The High-stakes Race to Develop New Psychedelic Drugs | MarketingwithAnoy

“This is my life,” Wallach says. “There’s nothing else I’d rather do. If I got a billion dollars today, the first thing I’d do would be to build a super lab.” When Compass came calling, he finally got the golden opportunity to pursue that dream. Maybe not a billion dollar super lab.

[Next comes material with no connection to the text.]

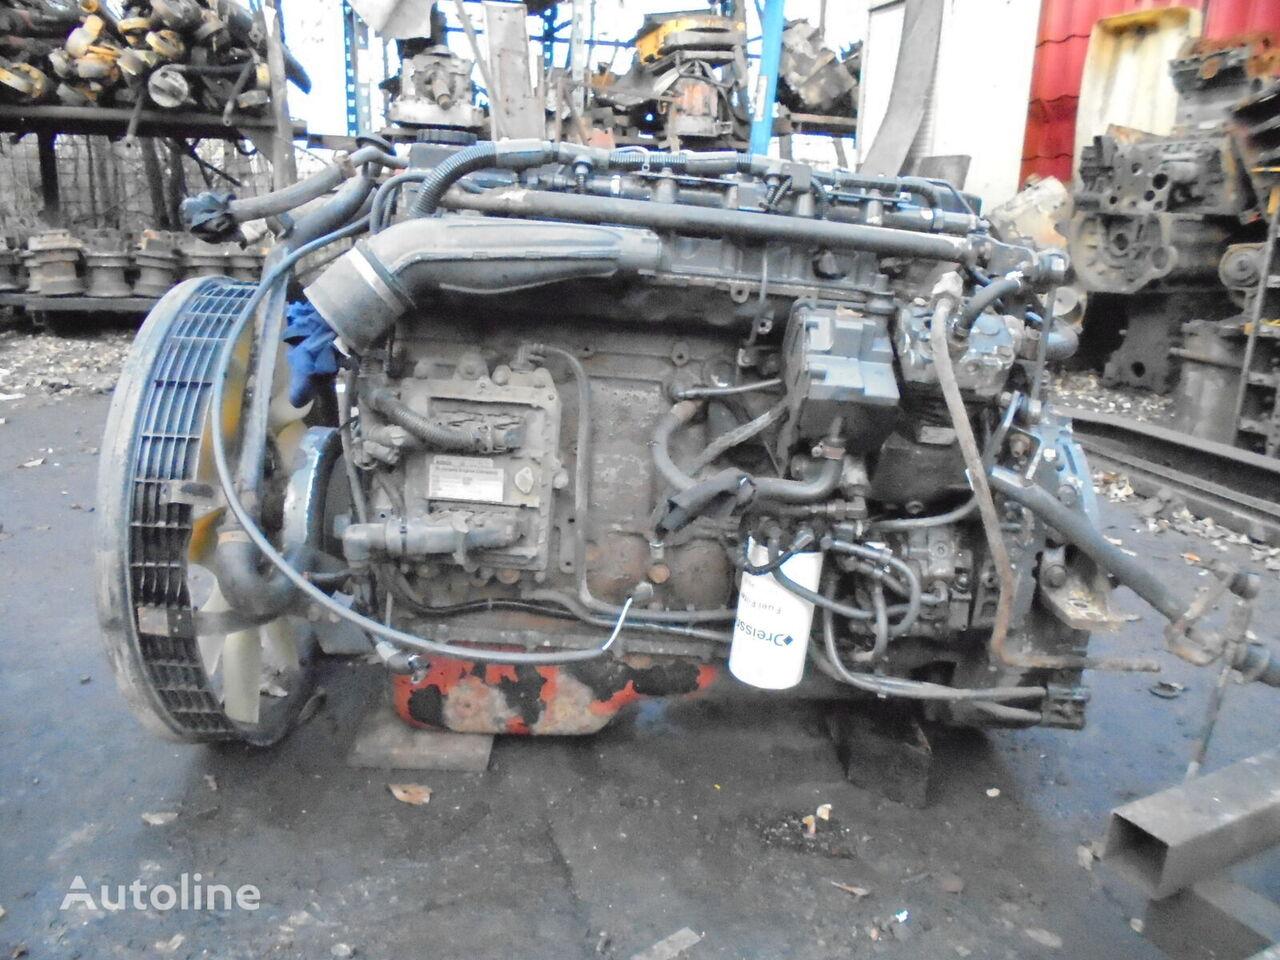 CUMMINS ISBE185 30 engine for wheel loader
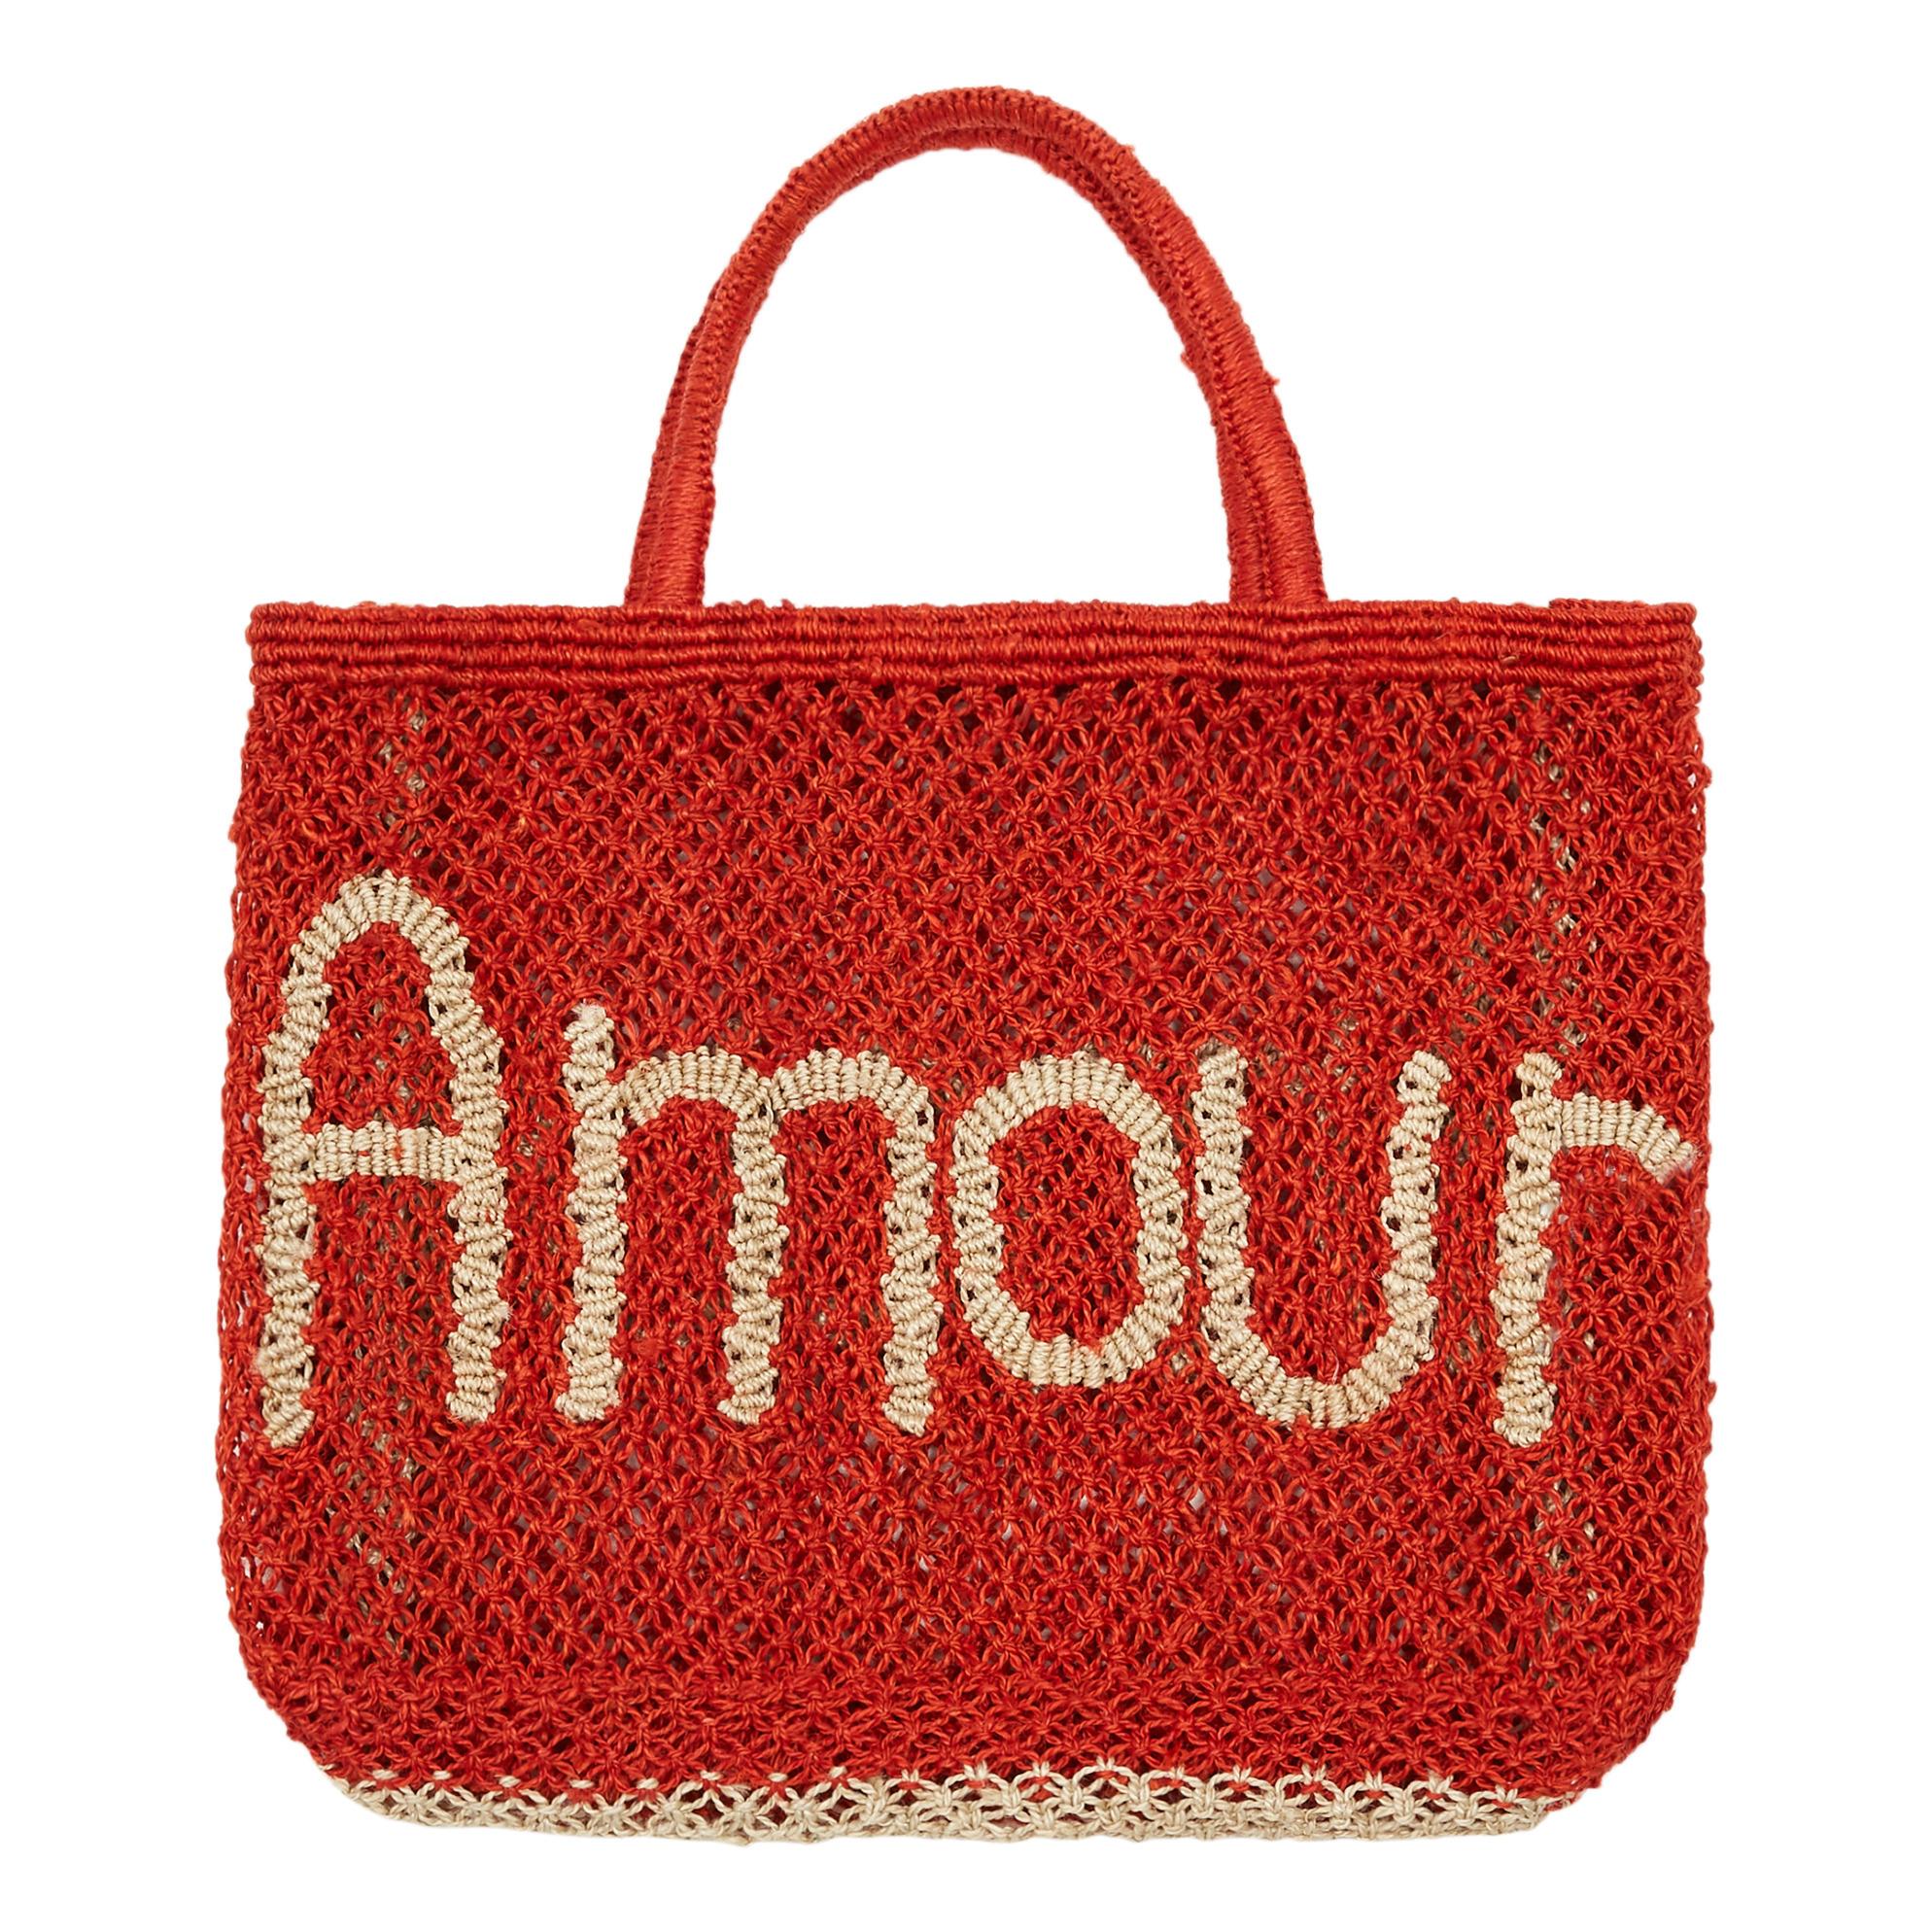 Image of Amour Basket Bag

But his own laboratory.

In pop culture, psychedelia is a Day-Glo blanket of mandalas, black-light ink, tie-dye and phat pants emblazoned with lime green alien heads. In their various states of synthesis and manufacture, psychoactive substances are decidedly unkaleidoscopic: brownish, yellowish, and vaguely rough, like plaque scraped from nicotine-stained teeth. The labs where these substances are synthesized smell like someone burned a Rotten Eggs Yankee Candle.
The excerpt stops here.